For the tutorial, we need a sample file with data. I found an Excel file containing the Hockey players of the USA and Canada for the 2018 Olympic Games. You can download this file at this link.

Let's open the sample file and see what is inside:

Content of the Excel file to read.
Content of the Excel file to read.

So here, our goal is to read these data and convert them to a Typescript object to use inside the application, like saving in a database or returning it as a JSON response.

Excel Column Typescript property Typescript type
ID id number
Team team M or W
Country country Canada or USA
NameF firstName string
NameL lastName string
Weight weight number
Height height number
DOB dateOfBirth string (YYY-MM-DD)
Hometown hometown string
Prov province string
Pos position enum
Age age number
HeightFt heightFt number
Htln htln number
BMI bmi number

From the table above, the type Player will look like this:

type Team = 'M' | 'W';
type Country = 'Canada' | 'USA';
type Position = 'Goalie' | 'Defence' | 'Forward';

type Player = {
  id: number;
  team: Team;
  country: Country;
  firstName: string;
  lastName: string;
  weight: number;
  height: number;
  dateOfBirth: string; // (YYY-MM-DD)
  hometown: string;
  province: string;
  position: Position;
  age: number;
  heightFt: number;
  htln: number;
  bmi: number;
};

Set up the project

Initialize a Node.js project with Typescript

mkdir node-excel-read

cd node-excel-read

yarn init -y

yarn add -D typescript ts-node @types/node

yarn tsc --init

touch index.ts

Download the excel file below and copy it into the project directory; it is the file we will read the content:

Install the Node package to use for reading the file called exceljs.

yarn add exceljs

Add the code below to the file index.ts

import * as path from 'path';
import Excel from 'exceljs';

const filePath = path.resolve(__dirname, 'olympic-hockey-player.xlsx');

type Team = 'M' | 'W';
type Country = 'Canada' | 'USA';
type Position = 'Goalie' | 'Defence' | 'Forward';

type Player = {
  id: number;
  team: Team;
  country: Country;
  firstName: string;
  lastName: string;
  weight: number;
  height: number;
  dateOfBirth: string; // (YYY-MM-DD)
  hometown: string;
  province: string;
  position: Position;
  age: number;
  heightFt: number;
  htln: number;
  bmi: number;
};

const getCellValue = (row:  Excel.Row, cellIndex: number) => {
  const cell = row.getCell(cellIndex);
  
  return cell.value ? cell.value.toString() : '';
};

const main = async () => {
  const workbook = new Excel.Workbook();
  const content = await workbook.xlsx.readFile(filePath);

  const worksheet = content.worksheets[1];
  const rowStartIndex = 4;
  const numberOfRows = worksheet.rowCount - 3;

  const rows = worksheet.getRows(rowStartIndex, numberOfRows) ?? [];

  const players = rows.map((row): Player => {
    return {
      // @ts-ignore
      id: getCellValue(row,1),
      // @ts-ignore
      team: getCellValue(row, 2),
      // @ts-ignore
      country: getCellValue(row, 3),
      firstName: getCellValue(row, 4),
      lastName: getCellValue(row, 5),
      // @ts-ignore
      weight: getCellValue(row, 6),
      height: +getCellValue(row, 7),
      dateOfBirth: getCellValue(row, 8), // (YYY-MM-DD)
      hometown: getCellValue(row, 9),
      province: getCellValue(row, 10),
      // @ts-ignore
      position: getCellValue(row, 11),
      age: +getCellValue(row, 12),
      heightFt: +getCellValue(row, 13),
      htln: +getCellValue(row, 14),
      bmi: +getCellValue(row, 15),
    }
  });

  console.log(players);
};

main().then();

Save and run the code with the command yarn start

Display the content of the Excel file in the console.
Display the content of the Excel file in the console.

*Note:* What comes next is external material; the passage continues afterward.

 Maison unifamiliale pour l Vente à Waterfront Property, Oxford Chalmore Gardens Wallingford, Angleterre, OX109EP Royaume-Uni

As you can see, we retrieved the content of the excel file as expected, but there are improvements to make.

  • There are many // @ts-ignore in the code, meaning Typescript complains about the value we get from the cell.
  • The value of properties team, height, dateOfBirth and height aren't well-formed.
  • The properties age, heightFt, htln and bmi return NaN for a particular reason that we will see how to fix.

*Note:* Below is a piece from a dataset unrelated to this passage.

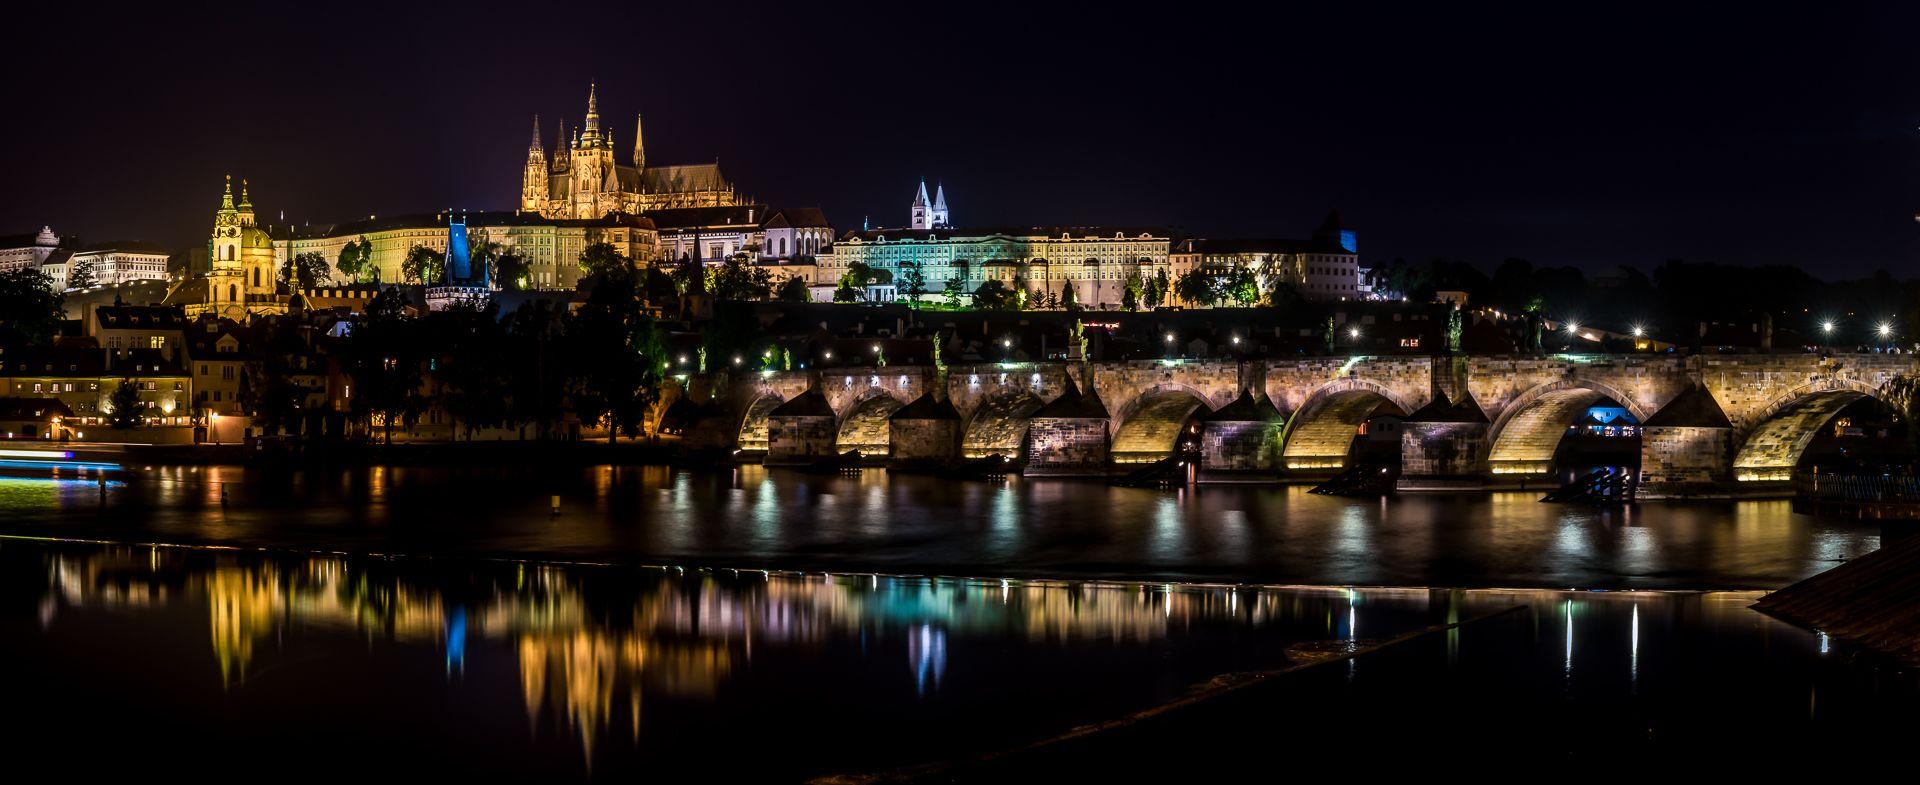 Daniel Poon – Prague Castle Night Pano Night View – 3rd

Fix the value of the property "team"

The value must be M or W yet the output return Men or Women. We will write the code to transform the value:

const transformTeam = (value: string): Team => {
  return value === 'Men' ? 'M' : 'W';
};

The property team will be now:

team: transformTeam(getCellValue(row, 2)),

Fix the value of the property "height"

The value is NaN; we try to convert an invalid string number. The code below fixes it:

const transformHeight = (value: string): number => {
  return +value.replace("'", ".");
};

Retrieve value from cell formula

The properties age, heightFt, htln and bmi return NaN because they are formulas, meaning the cell's value is the arithmetical formula from other cells.

If we look at the value of those cells, we have this output:

View the structure of a formula cell.
View the structure of a formula cell.

In the contrary to simple cells that have a plain value, formula cells have an object, and the value we want is inside the property result. We will create a function getCellFormulaValue for this specific case.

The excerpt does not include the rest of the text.